Again this company doesn’t actually own anything, but rather makes a viable income simply from connecting someone to someone else that has something the first person wants. Whether that’s spare hours and energy, a roof under which to sleep, or a ride home at the end of the night. What’s more, all are delivering with exceptional feedback from customers, even if they also court controversy in their respective industries (angry taxi drivers, hostile hoteliers).
What has made all this possible isn’t just identifying a gap in the market, and moving to corner it. Nor is this entirely down to improving technologies leading to better apps, websites, and booking systems. Those points may be true, but it’s also about how the entrepreneurs at the top of firms such as Air BnB have embraced that technology and looked at how it can be exploited to its full potential.

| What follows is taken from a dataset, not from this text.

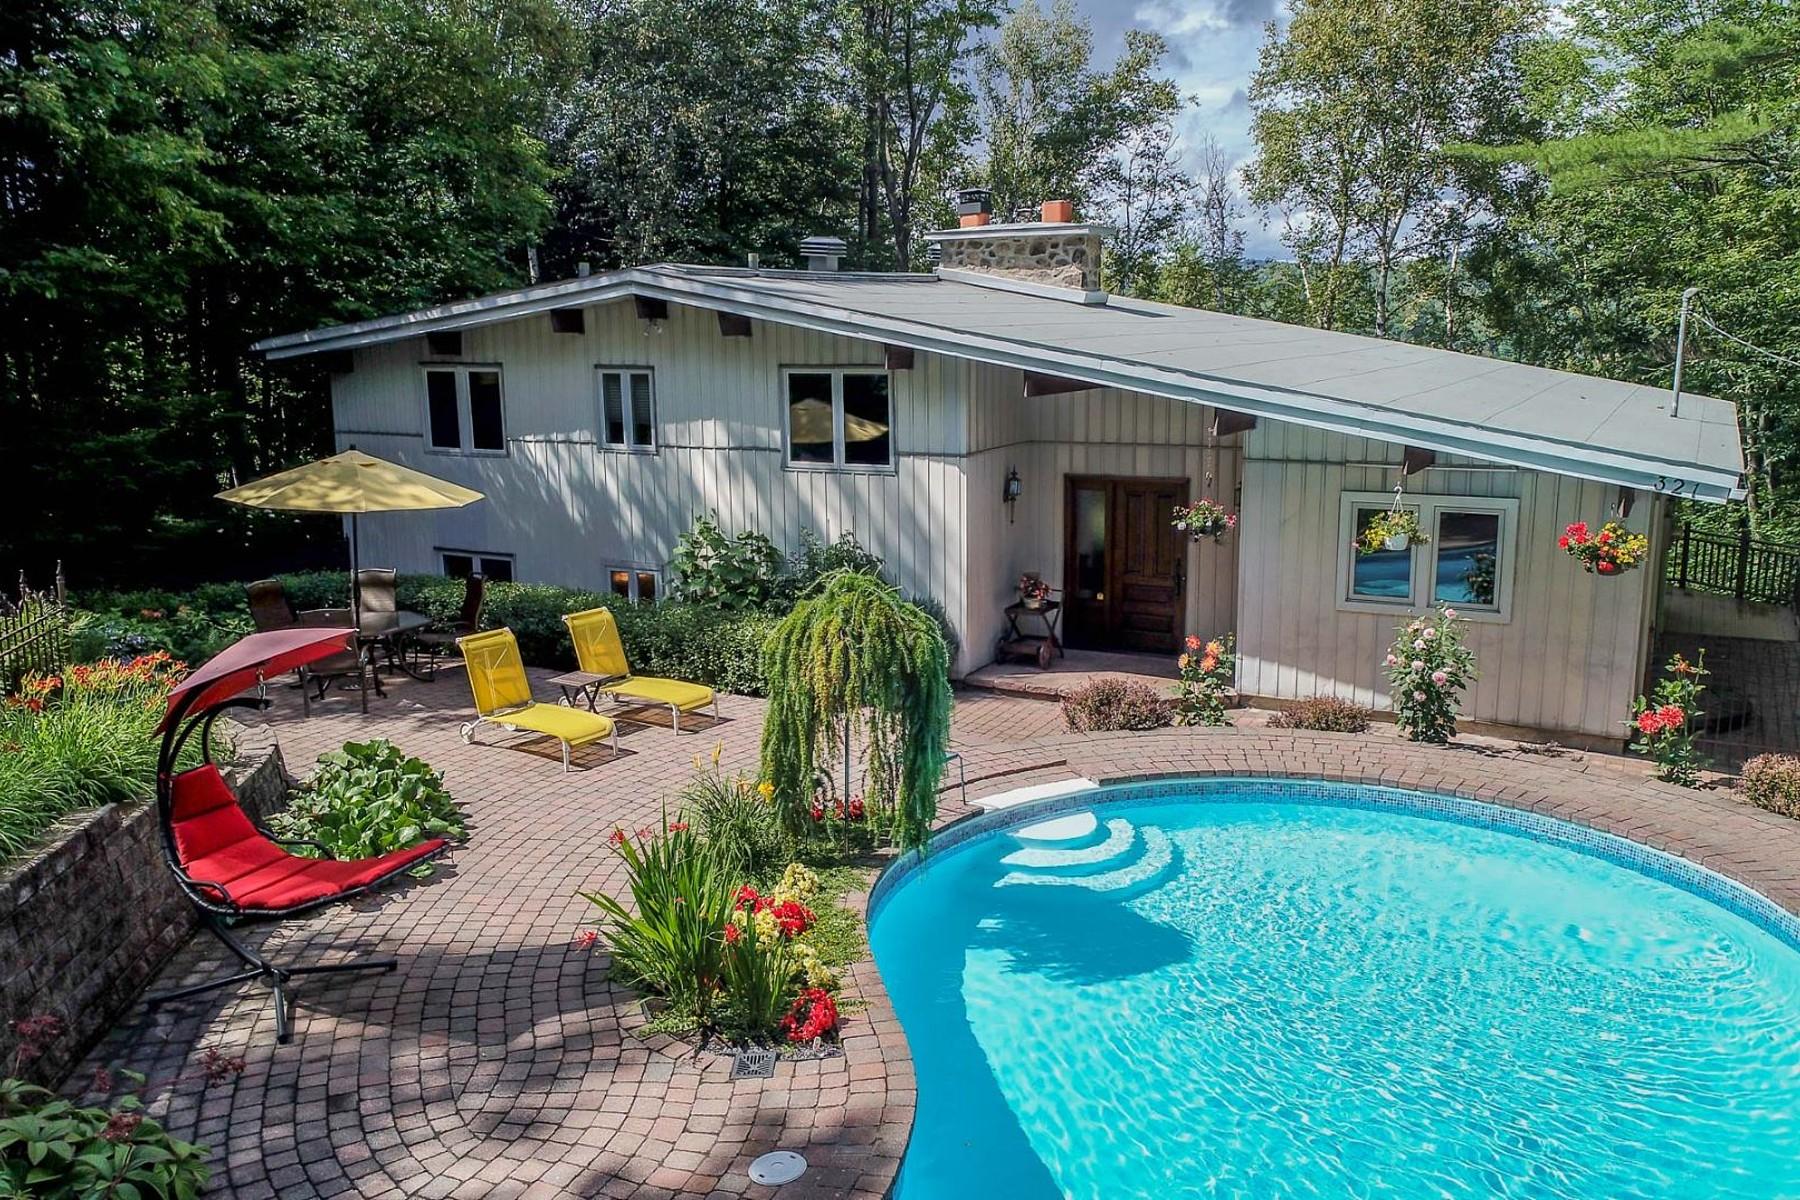 Single Family Homes for Sale at Sainte-Adèle, Laurentides 321 Rue du Hêtre Sainte-Adele, Quebec J8B2S8 Canada

This is before we come to exceptional marketing. Take Uber’s voucher system. Everyone selling to consumers has considered offering some sort of rewards system, but what about a code that can be messaged from one phone to another that might as well say ‘We’ll drive you for free’? In terms of incentives to get a name shared it’s up there with the best. Air BnB has a similar offering, whilst TaskRabbit has basically positioned itself as a leader in a futuristic economy, courting press from BBC to Wired.
Impressive on all counts, to say the least.